(Exercise material Opens)

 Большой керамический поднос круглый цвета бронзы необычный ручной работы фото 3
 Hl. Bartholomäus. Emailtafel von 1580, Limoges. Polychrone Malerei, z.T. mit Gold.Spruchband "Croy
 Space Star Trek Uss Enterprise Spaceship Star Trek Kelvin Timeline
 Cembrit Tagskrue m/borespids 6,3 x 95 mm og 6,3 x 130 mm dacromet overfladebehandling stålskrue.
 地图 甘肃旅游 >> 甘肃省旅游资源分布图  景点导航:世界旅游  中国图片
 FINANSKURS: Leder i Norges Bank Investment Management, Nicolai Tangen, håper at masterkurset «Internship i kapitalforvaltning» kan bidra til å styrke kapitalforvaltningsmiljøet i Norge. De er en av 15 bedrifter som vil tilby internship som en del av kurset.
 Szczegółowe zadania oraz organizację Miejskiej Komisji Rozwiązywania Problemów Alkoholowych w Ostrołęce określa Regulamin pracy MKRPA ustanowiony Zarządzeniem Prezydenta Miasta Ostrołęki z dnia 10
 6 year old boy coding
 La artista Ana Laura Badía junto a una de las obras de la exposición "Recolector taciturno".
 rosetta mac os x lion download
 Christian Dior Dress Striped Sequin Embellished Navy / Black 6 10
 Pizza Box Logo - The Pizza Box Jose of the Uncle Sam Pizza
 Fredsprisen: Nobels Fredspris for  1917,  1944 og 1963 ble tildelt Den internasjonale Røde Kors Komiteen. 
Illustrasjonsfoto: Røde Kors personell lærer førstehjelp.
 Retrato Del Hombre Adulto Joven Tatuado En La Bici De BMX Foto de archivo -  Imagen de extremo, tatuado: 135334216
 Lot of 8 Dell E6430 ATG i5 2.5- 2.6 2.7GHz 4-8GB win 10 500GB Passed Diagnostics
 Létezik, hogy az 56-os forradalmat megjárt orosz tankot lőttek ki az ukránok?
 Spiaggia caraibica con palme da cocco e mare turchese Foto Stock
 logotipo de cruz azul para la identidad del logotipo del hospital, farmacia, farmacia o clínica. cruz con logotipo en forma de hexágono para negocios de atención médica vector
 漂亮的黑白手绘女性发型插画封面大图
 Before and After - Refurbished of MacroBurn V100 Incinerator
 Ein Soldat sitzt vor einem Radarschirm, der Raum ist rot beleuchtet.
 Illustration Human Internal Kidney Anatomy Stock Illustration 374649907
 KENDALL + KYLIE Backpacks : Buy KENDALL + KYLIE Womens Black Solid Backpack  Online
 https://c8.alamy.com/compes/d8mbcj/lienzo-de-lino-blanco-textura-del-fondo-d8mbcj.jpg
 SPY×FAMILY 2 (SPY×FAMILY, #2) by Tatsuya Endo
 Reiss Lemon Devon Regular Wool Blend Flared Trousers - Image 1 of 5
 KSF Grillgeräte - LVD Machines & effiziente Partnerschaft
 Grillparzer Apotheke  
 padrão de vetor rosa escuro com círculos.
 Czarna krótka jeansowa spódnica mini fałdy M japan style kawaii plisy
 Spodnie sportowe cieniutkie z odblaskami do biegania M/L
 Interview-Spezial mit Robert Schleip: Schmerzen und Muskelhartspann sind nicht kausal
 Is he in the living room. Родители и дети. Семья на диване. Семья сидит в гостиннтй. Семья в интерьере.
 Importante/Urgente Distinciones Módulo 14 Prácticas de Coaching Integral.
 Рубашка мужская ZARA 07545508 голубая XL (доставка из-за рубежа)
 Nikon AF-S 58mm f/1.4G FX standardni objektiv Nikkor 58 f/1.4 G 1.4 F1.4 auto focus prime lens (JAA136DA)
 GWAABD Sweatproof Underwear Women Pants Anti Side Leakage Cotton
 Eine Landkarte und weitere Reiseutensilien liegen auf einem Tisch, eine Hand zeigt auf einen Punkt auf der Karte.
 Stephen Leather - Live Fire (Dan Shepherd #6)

(Exercise material Closes)

#### Problem description
Above are some records; copy exactly the lines from the one with "6 year old boy coding" through the one with "Interview-Spezial mit Robert", both included, and no others.

#### Expected answer
 6 year old boy coding
 La artista Ana Laura Badía junto a una de las obras de la exposición "Recolector taciturno".
 rosetta mac os x lion download
 Christian Dior Dress Striped Sequin Embellished Navy / Black 6 10
 Pizza Box Logo - The Pizza Box Jose of the Uncle Sam Pizza
 Fredsprisen: Nobels Fredspris for  1917,  1944 og 1963 ble tildelt Den internasjonale Røde Kors Komiteen. 
Illustrasjonsfoto: Røde Kors personell lærer førstehjelp.
 Retrato Del Hombre Adulto Joven Tatuado En La Bici De BMX Foto de archivo -  Imagen de extremo, tatuado: 135334216
 Lot of 8 Dell E6430 ATG i5 2.5- 2.6 2.7GHz 4-8GB win 10 500GB Passed Diagnostics
 Létezik, hogy az 56-os forradalmat megjárt orosz tankot lőttek ki az ukránok?
 Spiaggia caraibica con palme da cocco e mare turchese Foto Stock
 logotipo de cruz azul para la identidad del logotipo del hospital, farmacia, farmacia o clínica. cruz con logotipo en forma de hexágono para negocios de atención médica vector
 漂亮的黑白手绘女性发型插画封面大图
 Before and After - Refurbished of MacroBurn V100 Incinerator
 Ein Soldat sitzt vor einem Radarschirm, der Raum ist rot beleuchtet.
 Illustration Human Internal Kidney Anatomy Stock Illustration 374649907
 KENDALL + KYLIE Backpacks : Buy KENDALL + KYLIE Womens Black Solid Backpack  Online
 https://c8.alamy.com/compes/d8mbcj/lienzo-de-lino-blanco-textura-del-fondo-d8mbcj.jpg
 SPY×FAMILY 2 (SPY×FAMILY, #2) by Tatsuya Endo
 Reiss Lemon Devon Regular Wool Blend Flared Trousers - Image 1 of 5
 KSF Grillgeräte - LVD Machines & effiziente Partnerschaft
 Grillparzer Apotheke  
 padrão de vetor rosa escuro com círculos.
 Czarna krótka jeansowa spódnica mini fałdy M japan style kawaii plisy
 Spodnie sportowe cieniutkie z odblaskami do biegania M/L
 Interview-Spezial mit Robert Schleip: Schmerzen und Muskelhartspann sind nicht kausal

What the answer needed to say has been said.